[What the exercise asks] For the listing below, print exactly the lines from the line with "home24 Näve Tischleuchte" to the line with "Honeywell Outdoor Led", both included, and nothing beyond them.

[Input data]
++++++++++++++++++++
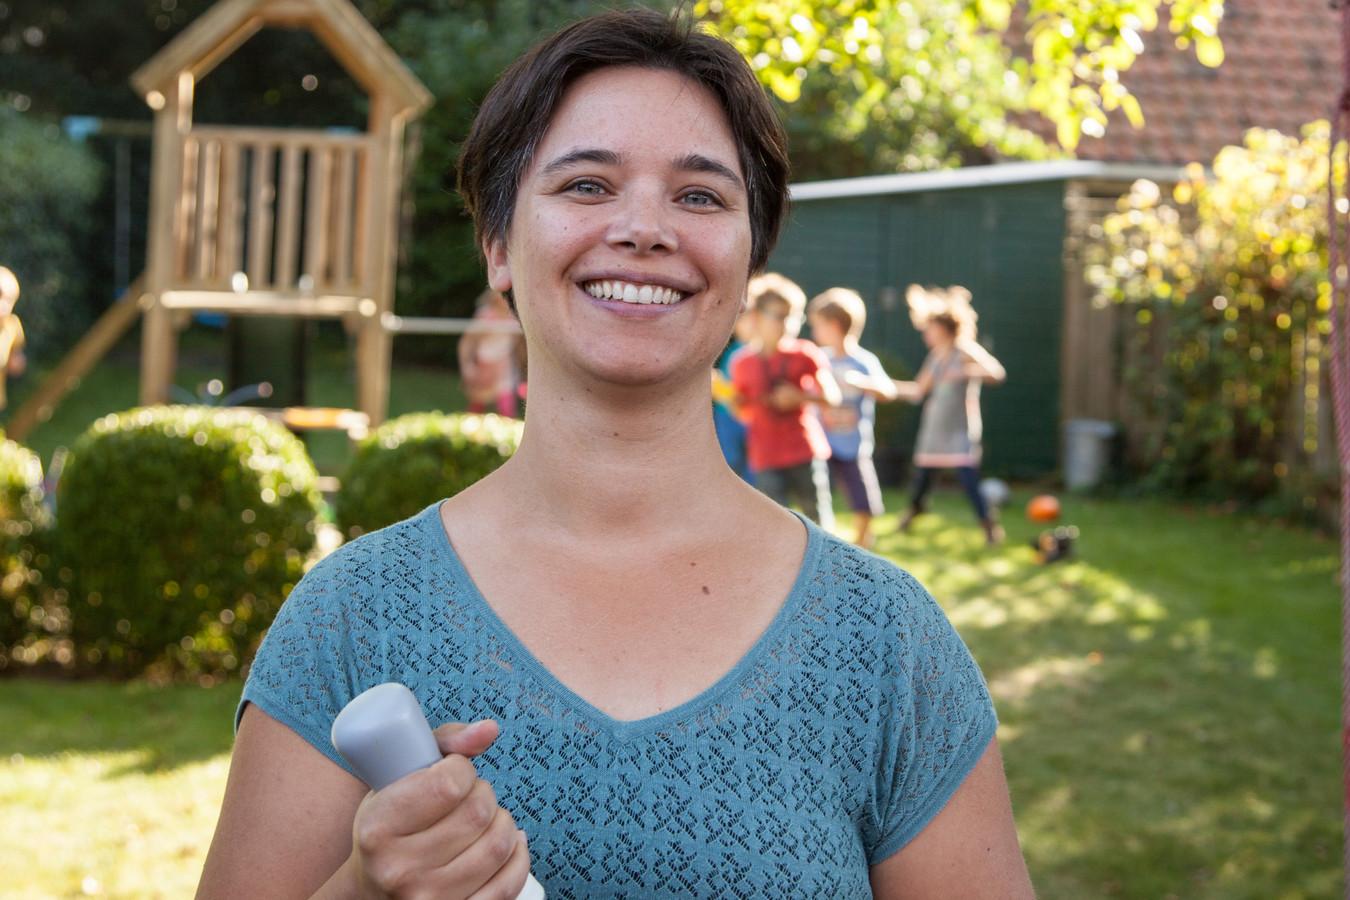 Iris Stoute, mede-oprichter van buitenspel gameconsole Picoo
++++++++++++++++++++
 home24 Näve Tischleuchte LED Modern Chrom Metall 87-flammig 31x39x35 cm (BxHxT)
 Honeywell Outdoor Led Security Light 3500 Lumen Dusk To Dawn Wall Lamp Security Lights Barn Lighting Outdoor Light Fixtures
++++++++++++++++++++
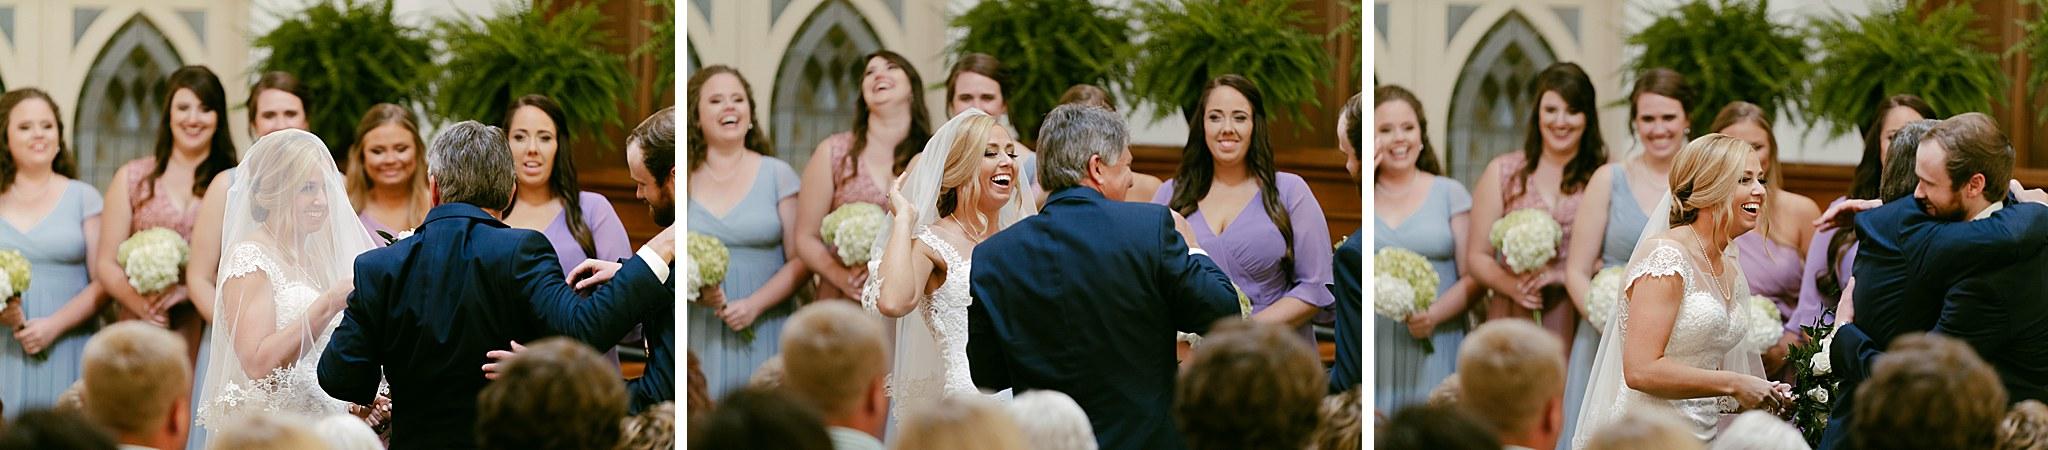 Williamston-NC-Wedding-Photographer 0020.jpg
++++++++++++++++++++
[Answer box]
 home24 Näve Tischleuchte LED Modern Chrom Metall 87-flammig 31x39x35 cm (BxHxT)
 Honeywell Outdoor Led Security Light 3500 Lumen Dusk To Dawn Wall Lamp Security Lights Barn Lighting Outdoor Light Fixtures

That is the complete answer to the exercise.